| TASK TO COMPLETE |
Return the lines of the data below, from the one containing "Soprano High Neck Lace Midi Dress" through the very last, exactly and with both ends included; no pictures.

| INPUT DATA |
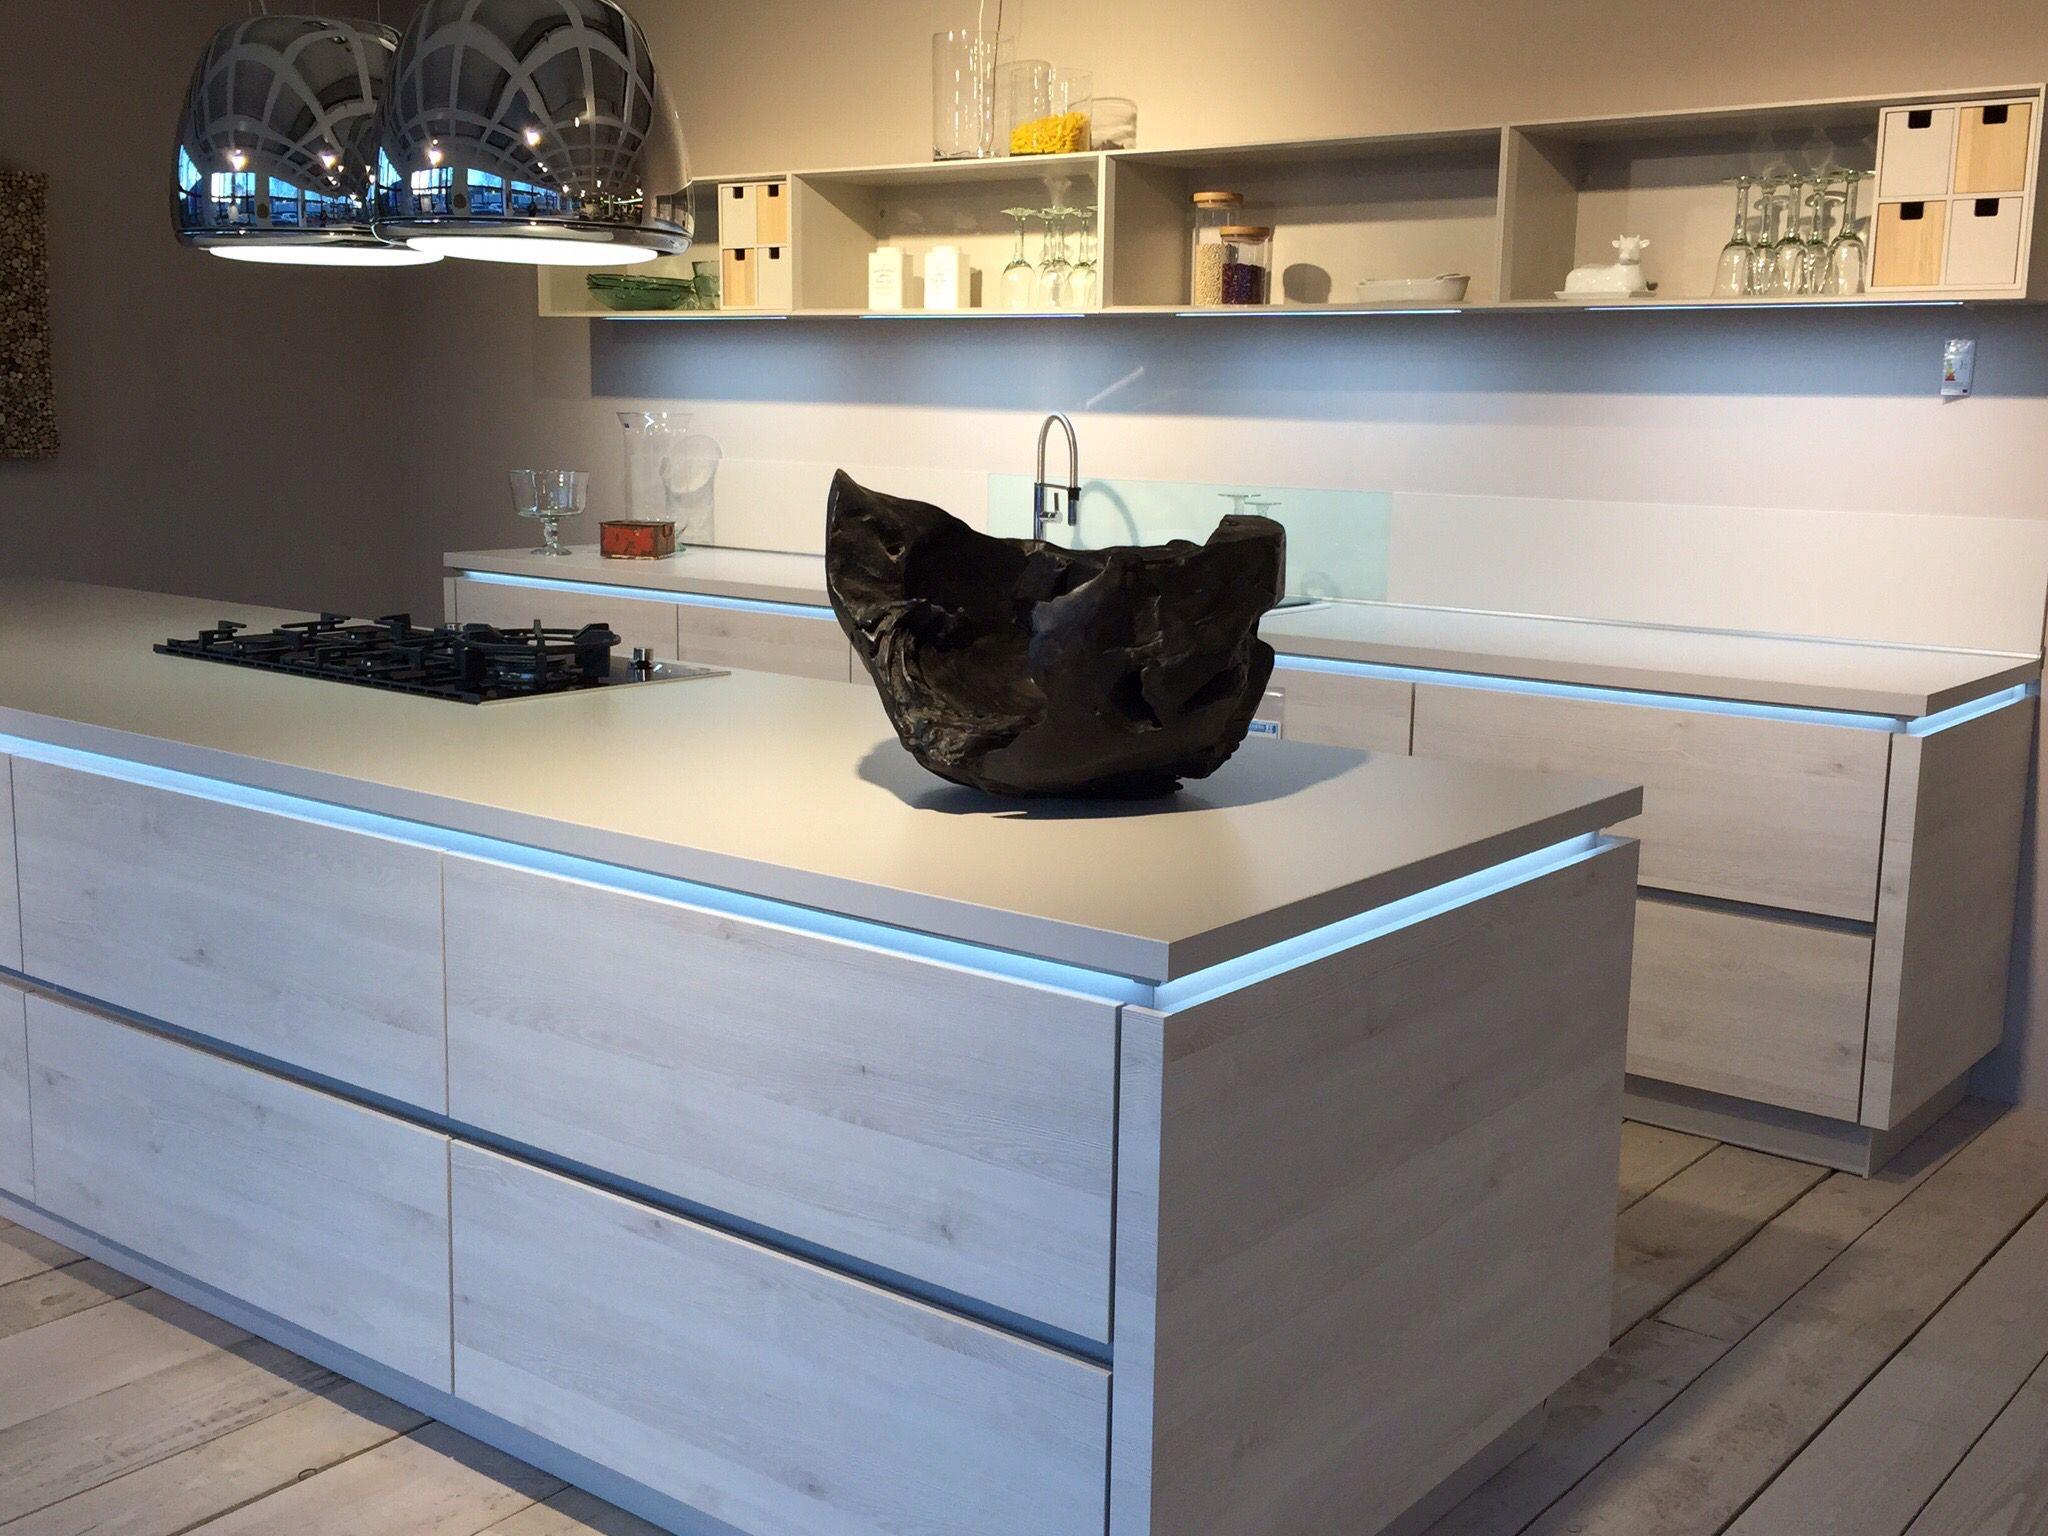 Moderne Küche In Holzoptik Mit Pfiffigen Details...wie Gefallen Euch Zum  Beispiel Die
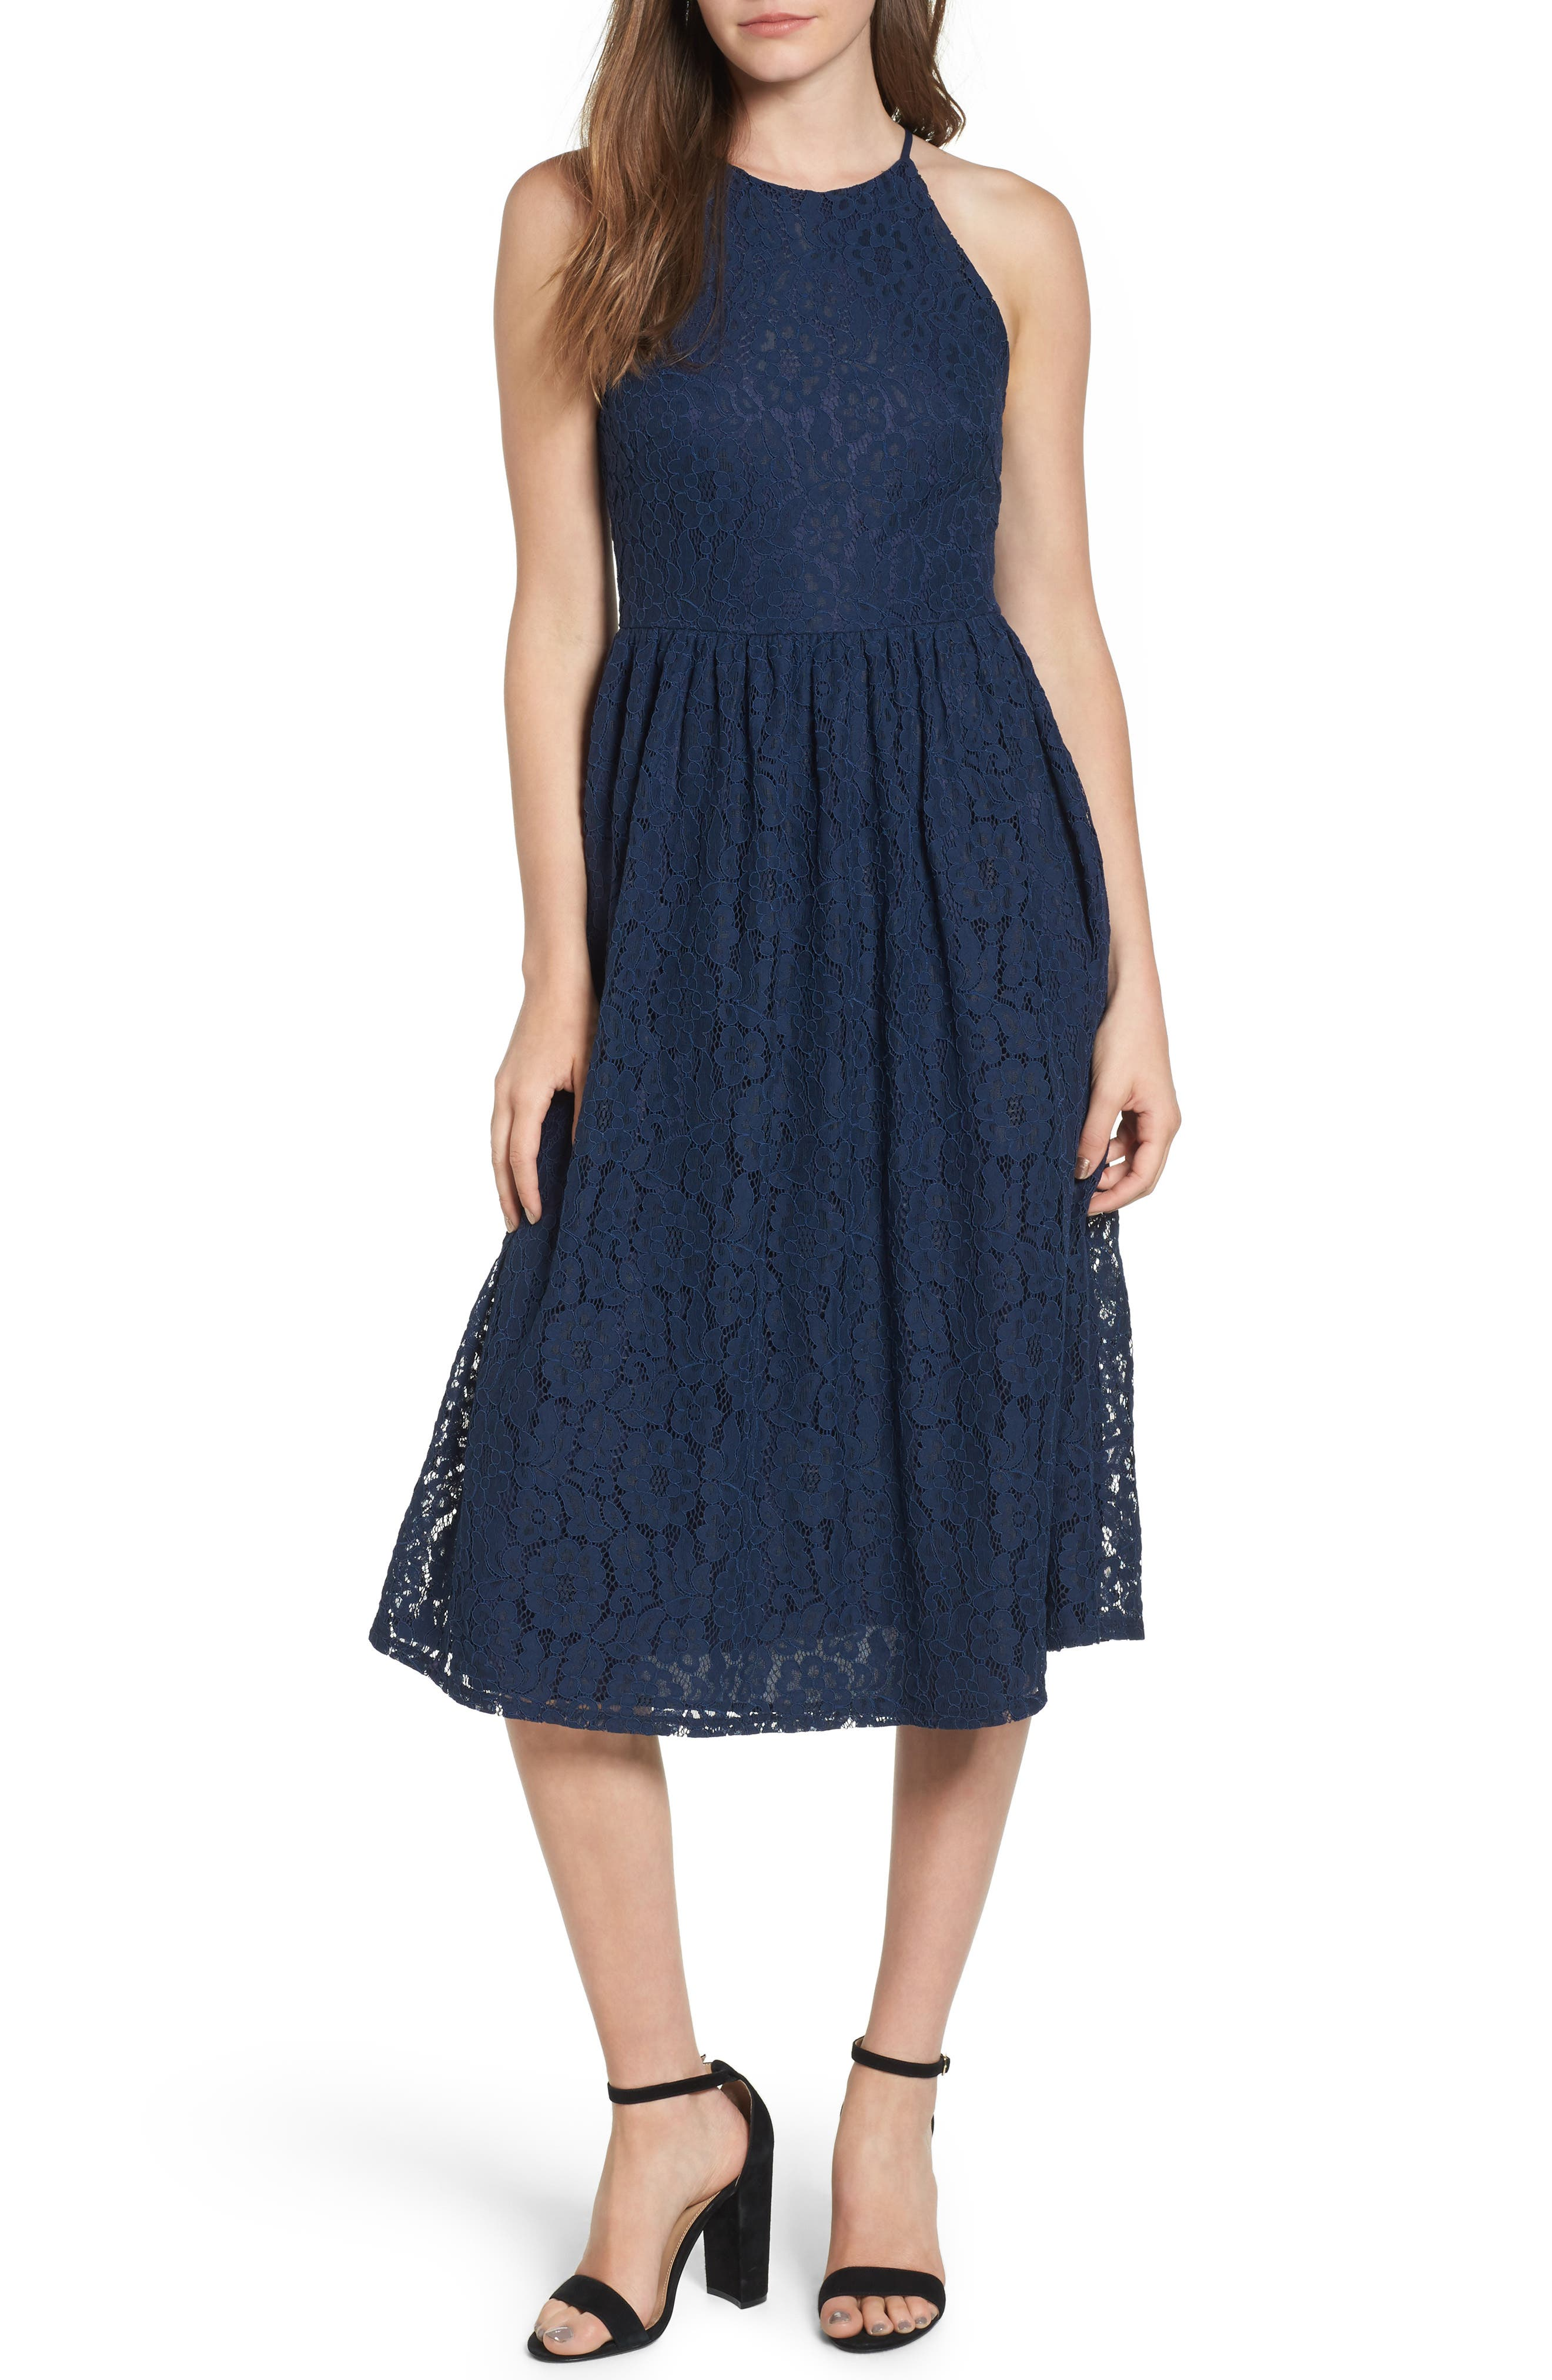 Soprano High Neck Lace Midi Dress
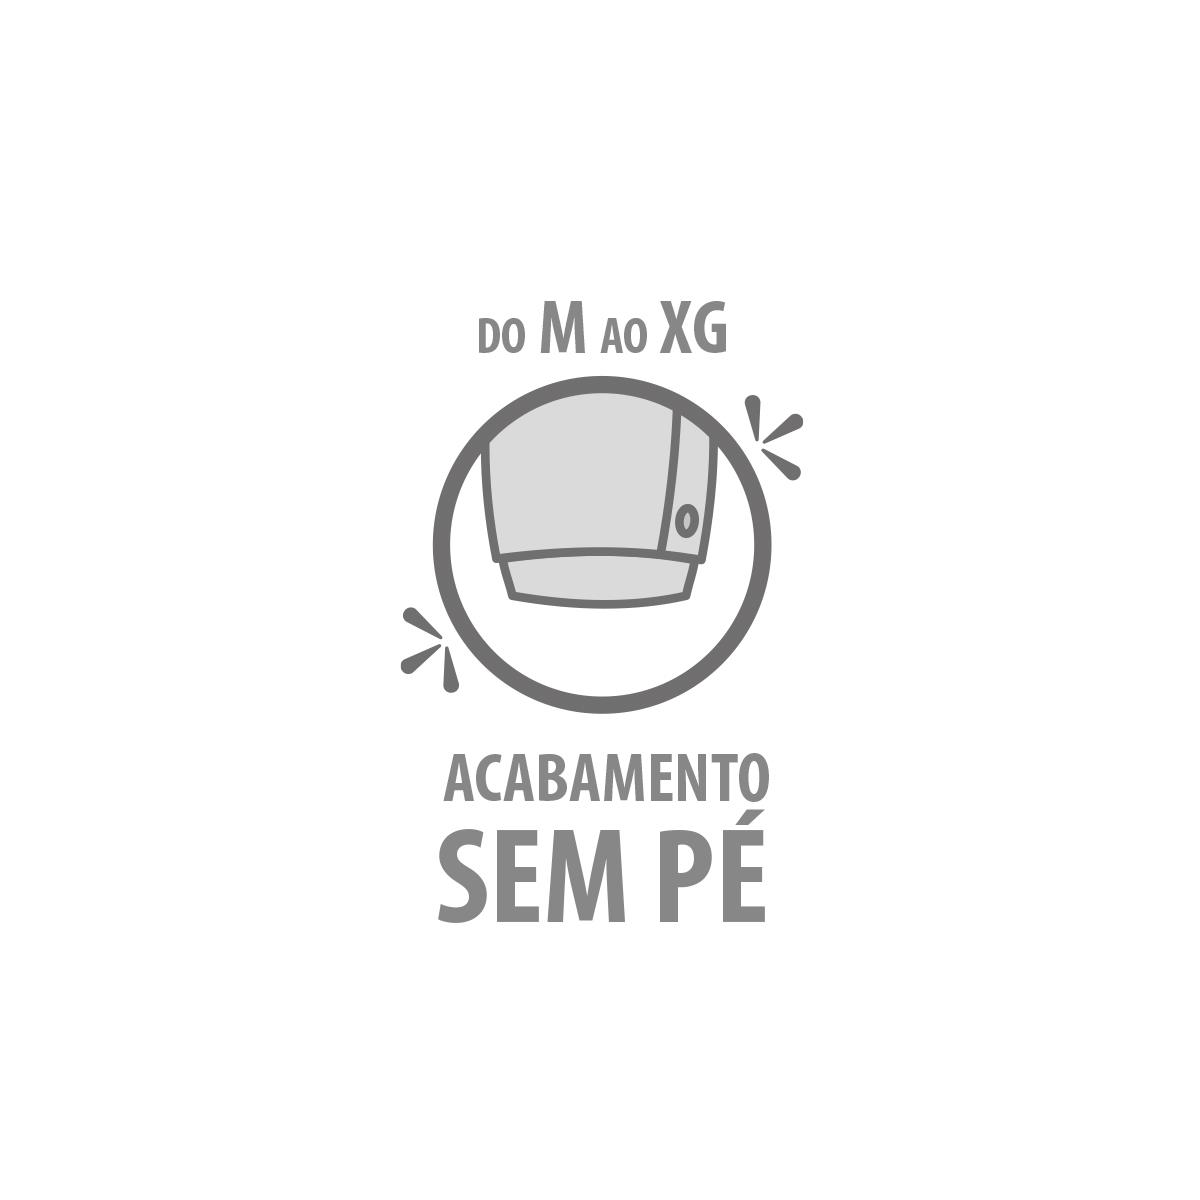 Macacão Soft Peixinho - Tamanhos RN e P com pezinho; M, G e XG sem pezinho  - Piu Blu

| ANSWER FOR THIS EXERCISE |
 Soprano High Neck Lace Midi Dress
 Macacão Soft Peixinho - Tamanhos RN e P com pezinho; M, G e XG sem pezinho  - Piu Blu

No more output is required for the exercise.